Çünkü “Biz paradigması” ile yoğrulan insan, kitleselleş(e)meyen bireysel hamlelerin hiçbir anlam ifade etmeyeceğini -şahit olarak- defalarca görmüştür.
Enerjinin örgütlenmede kutsal olduğunu, kaybolan enerjinin geri dönüşünün zor olduğunu bilir. Bir kişinin enerjisinin herkesi olumlu etkileyebileceği gibi, olumsuz etkileyebileceğini de bilir.
Biraz da olayın bilimsel yönünü araştırmışsa, “olumsuz enerji”nin olumlu enerjiye nazaran çok daha kolay yayılacağını bilir.
Öğrendikçe ihanet gibi gelir Tip 2ye; Tip 1’in yaklaşımı.
“Nasıl yapar?” sorusunun yerini, “Neden yapar?” sorusu almaya başlar belli bir süreden sonra.
Şaşkınlığın yerini öfke alır. Pervasızlıkla harmanlanan bencillik, Tip 2’lere “Yok artık!” dedirtir.
Tip 1’in amacı doğrultusunda yürürken “sıvazlanması”, içinde bir noktada bulunan zehrin tüm düşüncelerine yayılmasına yol açar.
Ego büyür, hırstan beslenir.
Kompleksler devreye girer.
“Diyalektik” düşünce, kişiliğe tehdit gibi algılanmaya başlanır.
Etrafta “bilen” kişi istemez. “Denetleme mekanizmaları”nı yel değirmenleri olarak görür, öyle bir Don Kişot’luğa soyunur ki, Cervantes bile şaşırır.
Tip 2 içinse kişilerin savunduğu değerlere katkı sağlayıp sağlamadığı esas olandır.

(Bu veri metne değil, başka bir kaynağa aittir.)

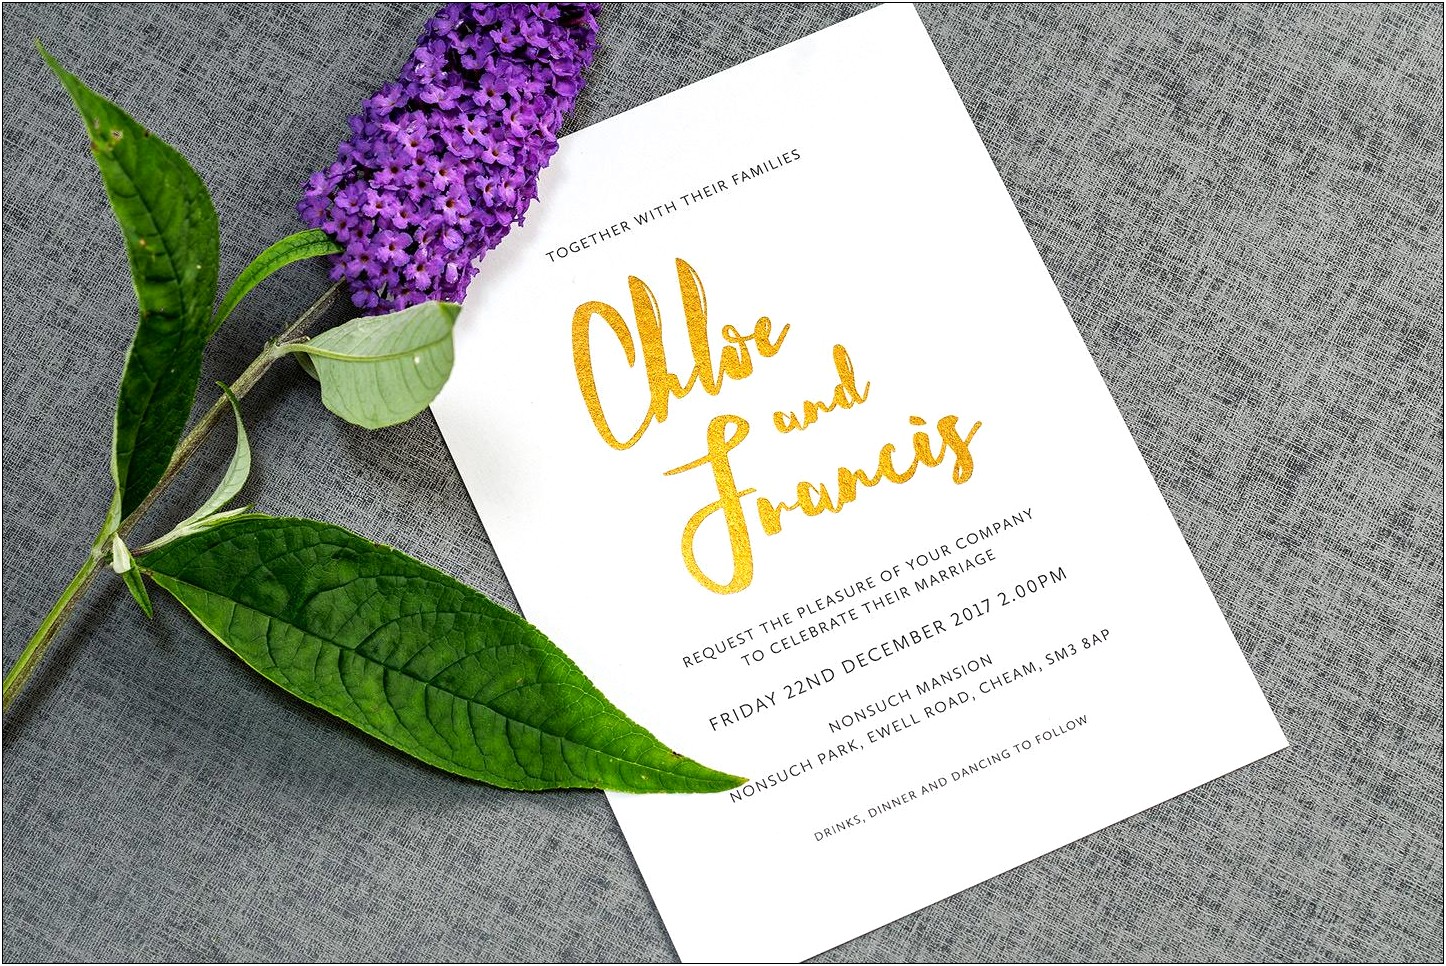 Can You Hand Write Your Wedding Invitations

Eğer katkı sağlıyorsa mücadelede olmalıdır.
Kendi bireysel hissiyatları uğruna “katkı” verecek birisini kaybetmek, dava için de kan kaybıdır Tip 2’ye göre.
Ve de öyle bir kayıp yaratma haddini ve hakkını kendinde görmez Tip 2.
Tip 1, mevcut anlayışıyla kendi “dikensiz gül bahçesi”ni yaratmaya koyulur.
Kafası rahatlar. Kafasının rahatlığı, davasına katkı sağlayacak insanların önüne engel çıkarma ihtimaline göre ağır basar.
Belki de terazisi bile yoktur. İsteklerini sadece tek taraflı kantar tartar.
Ve harcanır emek, çalınansa vatandandır çoğu zaman.
***
Tip 1’e en büyük örnek, ülkenin başındadır. Fakat o tipten belki de en çok, onun karşı cephesinde vardır.
Bugün Türkiye’de birçok örgüt, sendika hatta parti bu durumdaysa, sebebinde Tip 1 yaklaşımın payı çok fazla.
Ve bir ilave daha:
İlgi, çağımızın hastalığıdır. En ufak bir zafiyette, Tip 2’den Tip 1 de yaratır, hem de çok kısa sürede. Çokça yaratmıştır geçmişte. Yaratmaktadır hala bu-günümüzde.
Sakınmakta fayda vardır.
***
Bu bir yüzleşme yazısıdır.
Bu bir zihniyet kavgasıdır.
Yani; üretenle üreteni tüketmeye çalışanın kavgası.
Ve artık, karar verme aşamasıdır.
Çünkü Milletin kaderini, yine milletin azim ve kararlılığı kadar, milletin bireysel çıkarlarını törpüleyebilme azmi belirleyecektir.
Ya bu ülke geçmişinden ve bugününden ders alıp, yarını kurtaracaktır.
Ya da geçmişini bile arayacaktır.
Bu yüzleşme, “Milli” tüm unsurların ortak bir “irade” gösterme isteğinin olmazsa olmaz ilk şartıdır.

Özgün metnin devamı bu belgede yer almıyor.